Customize Visualization and Telemetry
AIBooster PO (hereafter referred to as PO) is built on top of OSS such as OpenTelemetry and Grafana, and can be flexibly customized from telemetry data collection to dashboard visualization. This page describes how to customize PO.
Creating Grafana Dashboards
You can also build your own dashboards on Grafana. To add a custom dashboard, click "New" in the upper right corner of the dashboard list, then select "New dashboard".

The content of dashboards provided by PO (PO standard dashboards) may change in future updates. If you directly edit a PO standard dashboard, future updates may not be reflected. If you want to add custom panels to a PO standard dashboard, please copy the dashboard first and edit the copy rather than editing the PO standard dashboard directly.
PO Panel Library
PO standard dashboards display only representative metrics. If you want to view other detailed metrics, you can easily add them using the Panel Library with the following steps:
- Switch to "Edit" mode on the dashboard
- Click "Add"
- Click "Import from library"
- Click the desired panel from the library panel list
- After adding the panel, click "Save dashboard" in the upper right corner if needed

Available Panels
PO provides the following types of panels:
- GPU-related metrics (DCGM): GPU utilization, temperature, power consumption, memory usage, profiling information, etc.
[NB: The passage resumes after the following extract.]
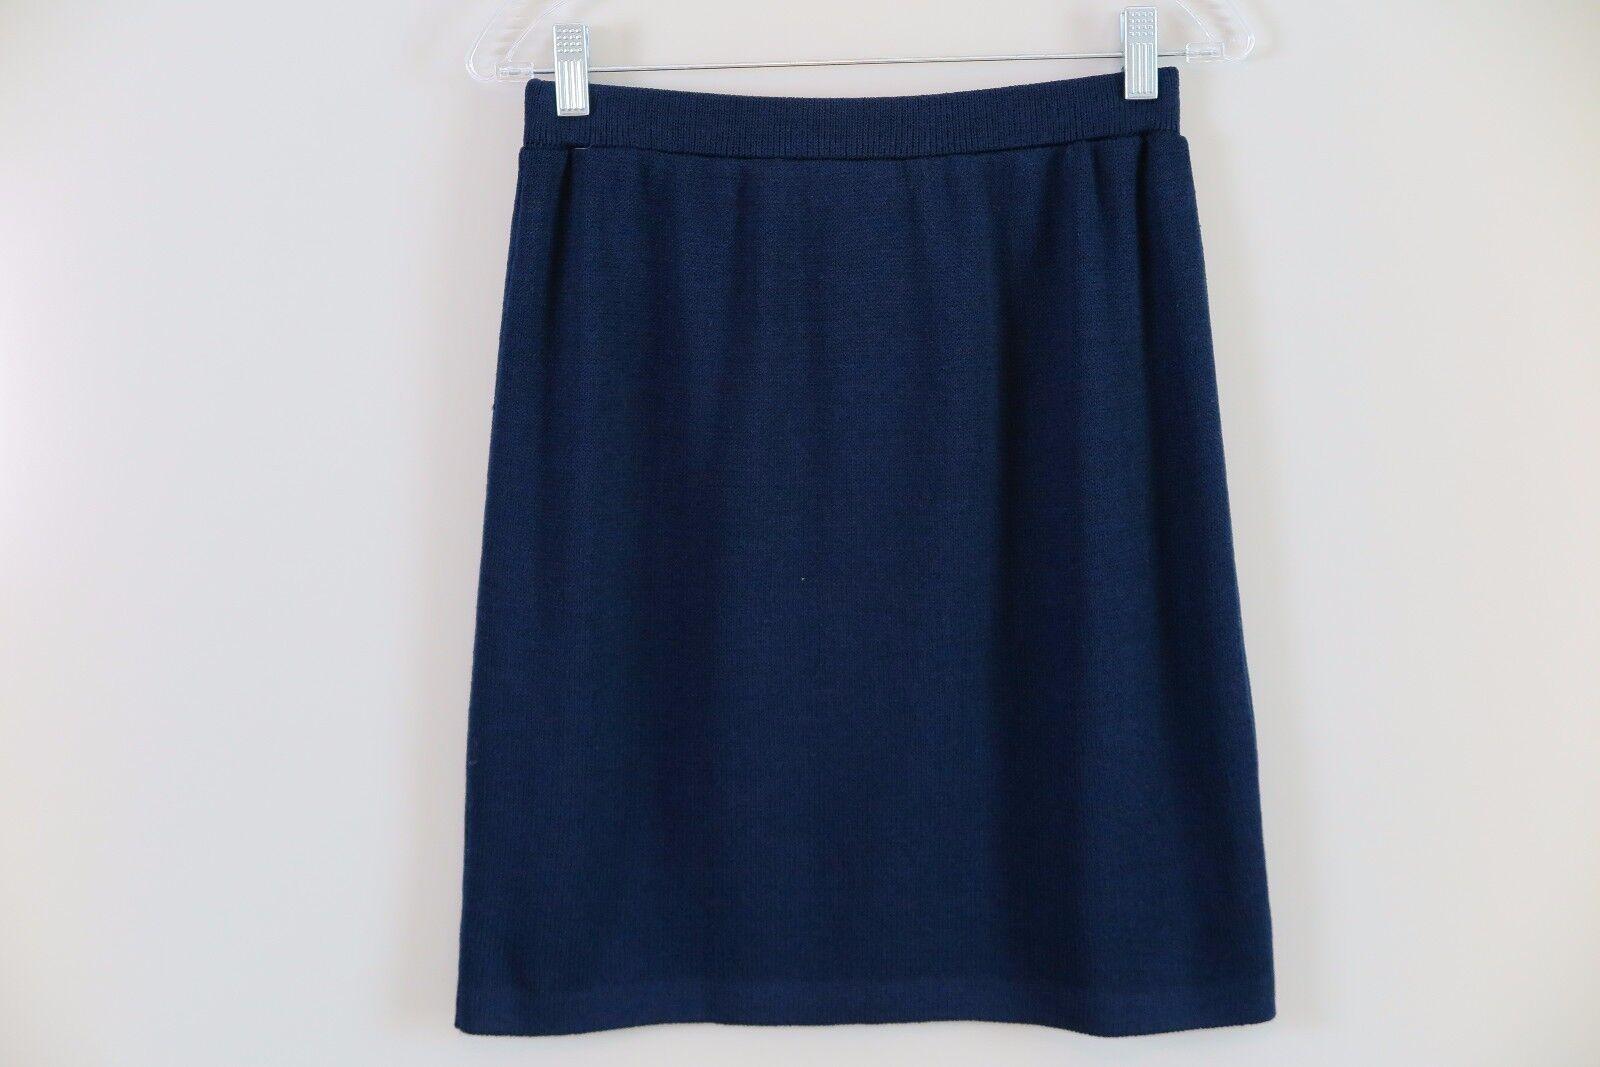 ST. JOHN COLLECTION Navy bluee Santana Knit Straight Skirt Size 6 Made in USA

- System metrics (Node Exporter): CPU load, memory, filesystem, network, etc.
- Process/Application metrics: Process information, scraping statistics, etc.
For a complete list of metrics and detailed descriptions, see Metrics Details.
Adding Custom Telemetry Data
You can also collect your own telemetry data that PO does not collect by default and display it on dashboards. This requires two steps: adding telemetry data and implementing panels.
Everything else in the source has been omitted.